We evaluated the combined impact of linear detrending, temporal filtering, and motion-confounds on test–retest ICC(C,1). Every parameter combination was tested and AnovaRM models, as described above, were used to assess main effects and interactions, again correcting from sphericity but not for multiple comparison.

We also analyzed qualitatively how confound–regressor collinearity affected repeatability, computing R² with the regressor as the dependent variable. FFTs were used to assess how parameter combinations altered regressor spectra.

Optimization

Continuing on the analysis above for linear detrending, temporal filtering, and motion-confounds, we aimed to isolate each parameter’s unique effect by performing an “optimized perturbation” where each parameter was varied while others were fixed at optimal values (based on test–retest ICC(C,1)). As a sanity check, we repeated the optimized and univariate perturbation using voxel-wise Pearson correlation with a reference map, the vascular paradigm and parameter combination with the highest test–retest repeatability, instead of test–retest ICC(C,1).

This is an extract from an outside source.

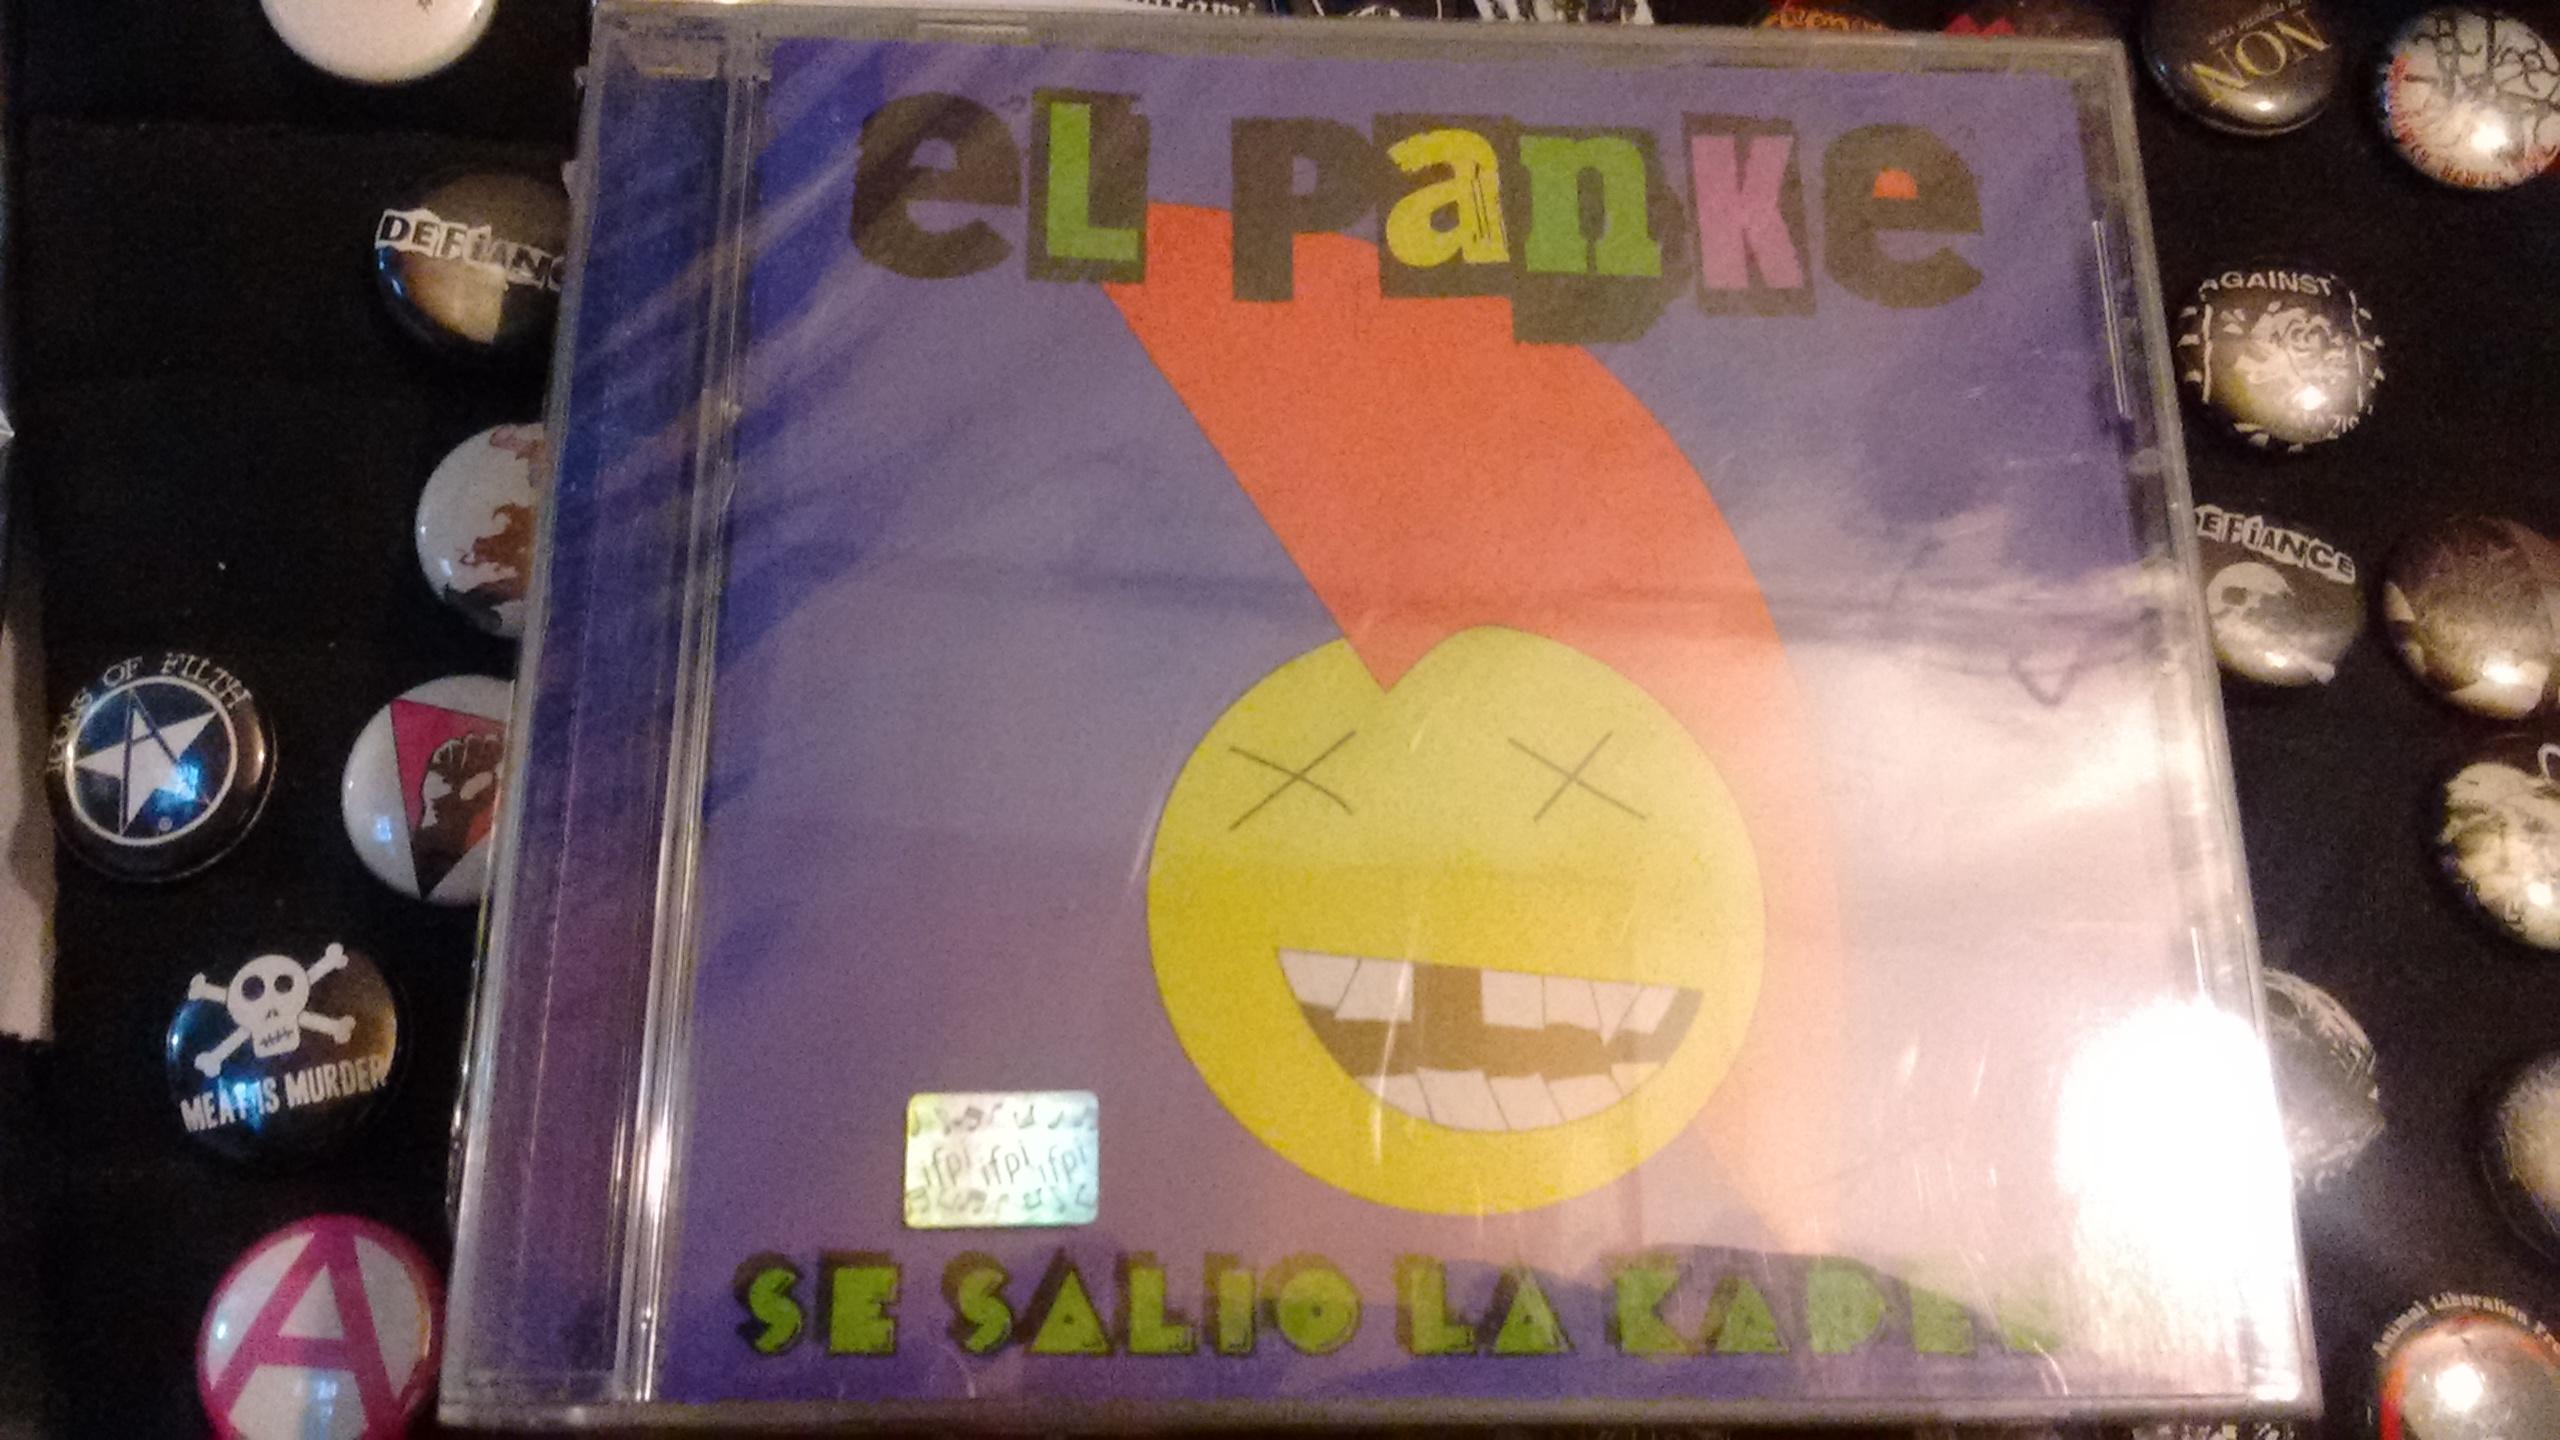 El Panke Image

We also examined whether amount of head motion (measured by average FD) correlated with improvement in test–retest ICC(C,1) when including motion-confounds in the linear regression model. Improvements were assessed relative to models without motion-confounds, using optimal linear detrending and temporal filtering parameters for each condition.

Finally, we computed voxel-wise quality metrics using optimal values for linear detrend order, low-pass cutoff frequency, and confound–regressor correlation thresholds (based on test–retest ICC(C,1)) for each vascular paradigm:

Normalized CVR, scaled by the median CVR across voxels, subjects, and runs.

Model fit, measured by R².

Regressor fit, measured by t-value.

Average absolute CVR difference between test–retest, also scaled by the median CVR.

Coefficient of variation (COV), defined as standard deviation divided by absolute mean (limited to 1 to avoid arbitrary large values when mean CVR is close to 0).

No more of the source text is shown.